Two forces are at play. First, the rupee has taken a battering. Down nearly 10% against sterling in 2023, it makes a UK education a 10% more expensive proposition overnight. For middle-class families, the maths no longer works. Second, the Home Office has turned the visa tap. The post-study work route is still there, but the rhetoric has hardened. Dependents are out, and the net migration figures cast a long shadow.
The numbers are stark. Applications for Indian student visas fell 20% in the first quarter of this year. Tier 4 visa issuances are down. The pipeline is drying up.
Yet here’s the paradox they don’t want you to talk about.

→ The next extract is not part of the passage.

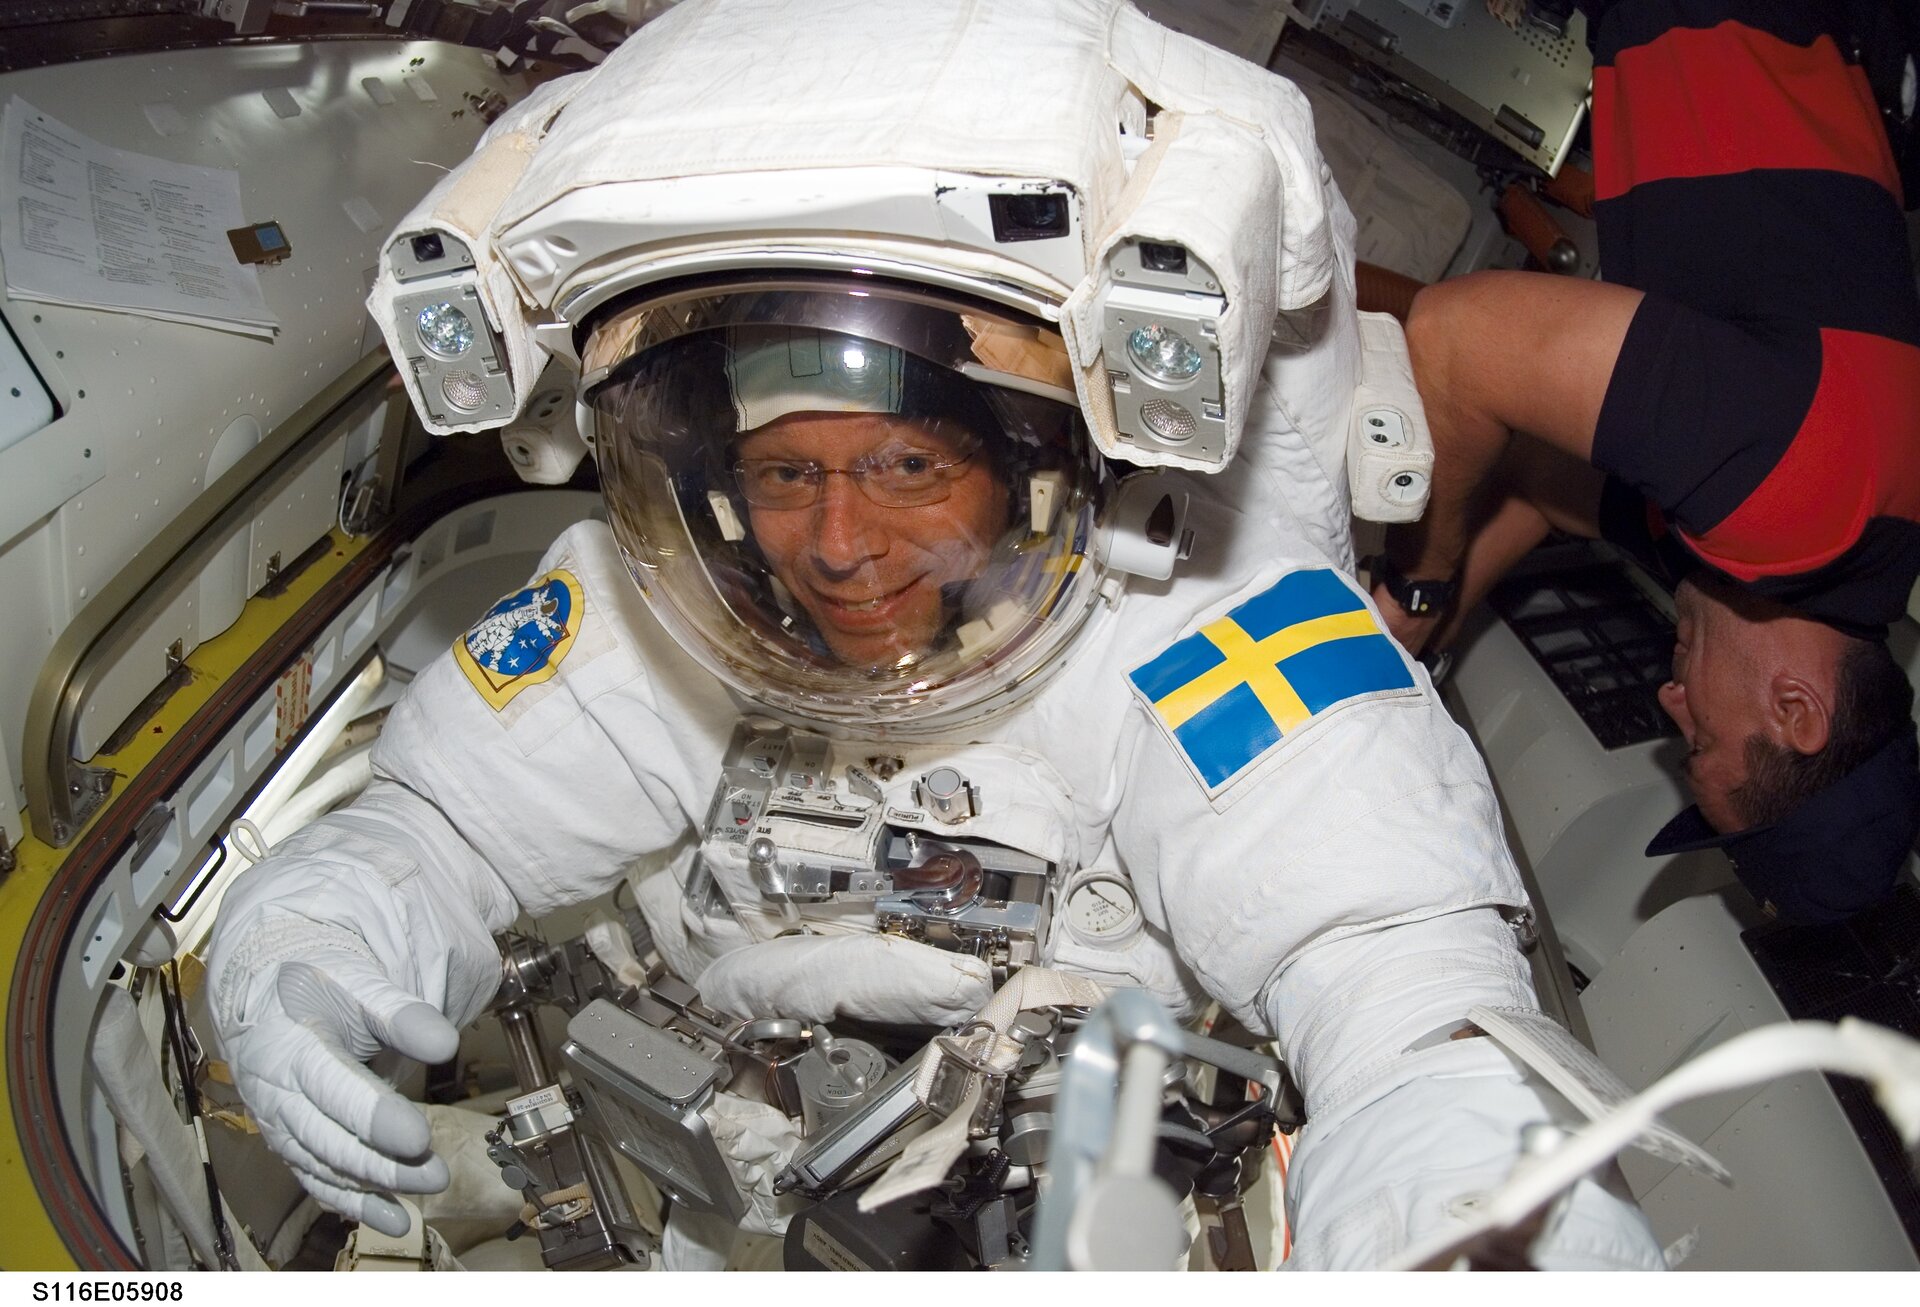 Christer Fuglesang prepares for his first spacewalk and feels confident – thanks to extensive training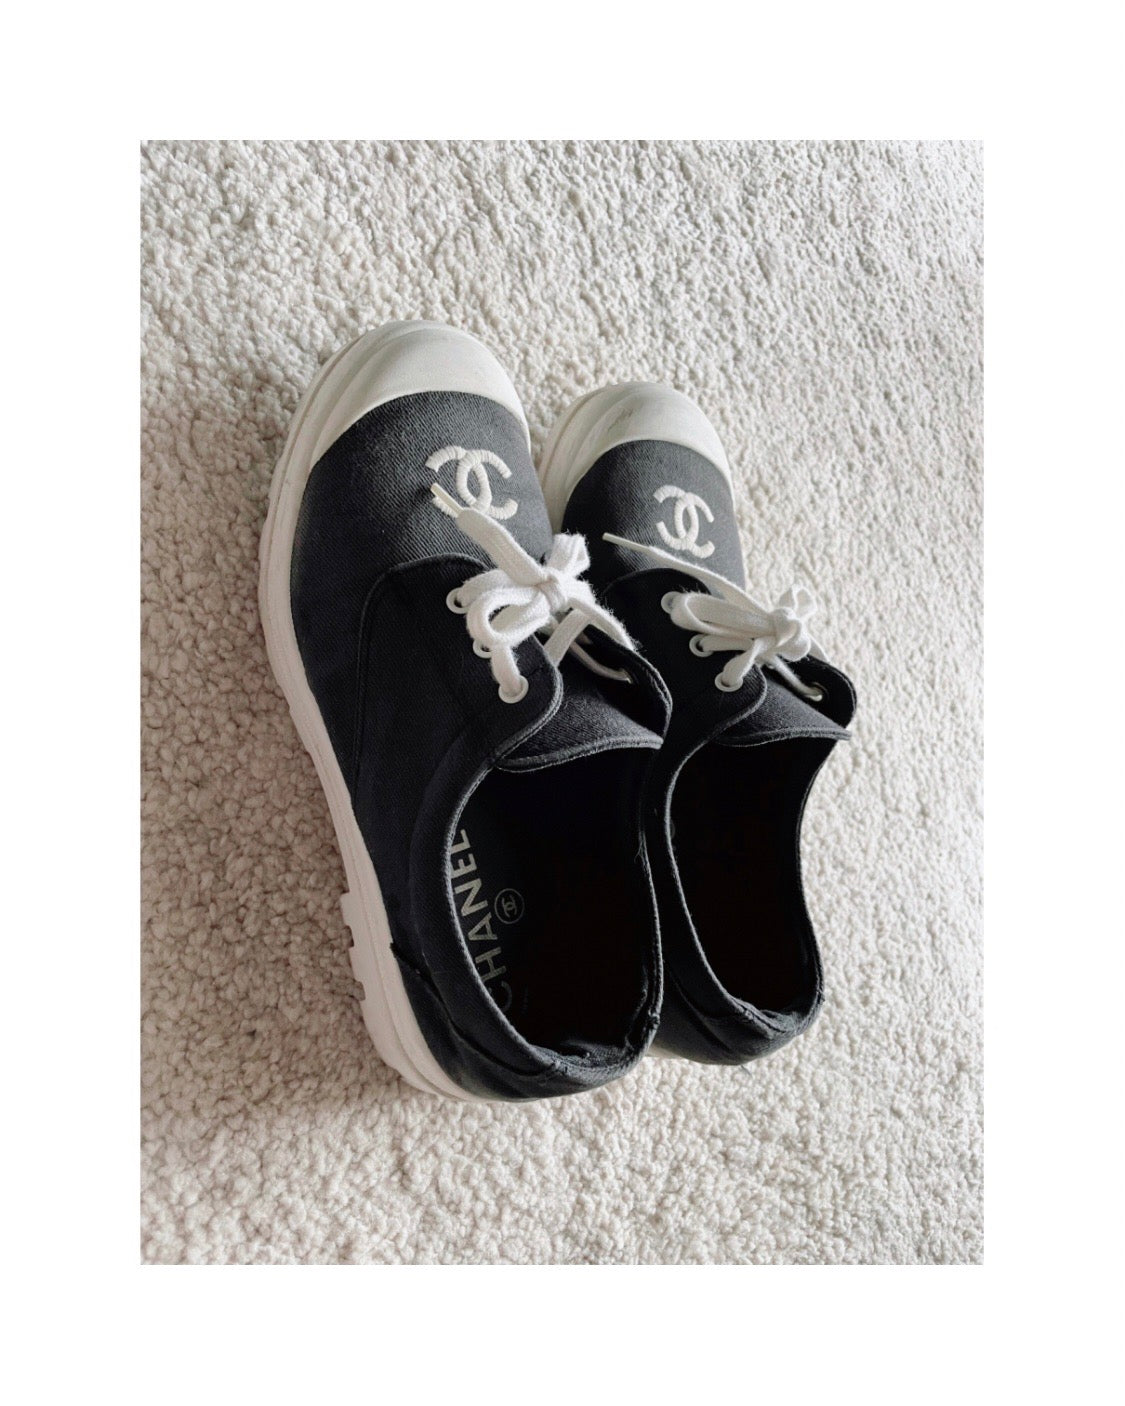 CHANEL CC Logos Bi-color Sneakers Shoes 雙C Logo 凡布鞋 - STAY PURE

For many UK institutions, this is not a crisis. It is a correction. The rush for Indian students was always a numbers game for the bottom line. Fees of £30,000 a head propped up crumbling departments and vice-chancellors’ pay packets. But it came with a cost. Reputational risk. Classroom capacities strained. Accusations of a cash-for-entry model.
Now, with demand easing, universities are breathing. Not publicly, of course. The public line is one of concern. Diversification, they say. We must look to new markets. But behind closed doors, there is relief. The dependency was unhealthy. The downturn allows them to rebalance, to raise entry standards, to focus on higher-margin students from, say, Nigeria or Vietnam.
And let’s not ignore the other factor. The game of domestic politics. The Conservative party is watching the migration numbers like a hawk. Every Indian student who stays home is a reduction in the net migration statistic. That is a win for the Home Secretary. The sector grumbles, but the Treasury is not listening.
What does this mean for the long game? The Indian middle class will still send its children abroad. But with a currency that buys less and a visa regime that feels less welcoming, the UK is no longer the automatic first choice. Canada, Australia, even Ireland look cheaper and easier.
UK universities will adapt. They always do. But the era of easy money from the subcontinent is over. And in Westminster, you won’t hear a single tear shed.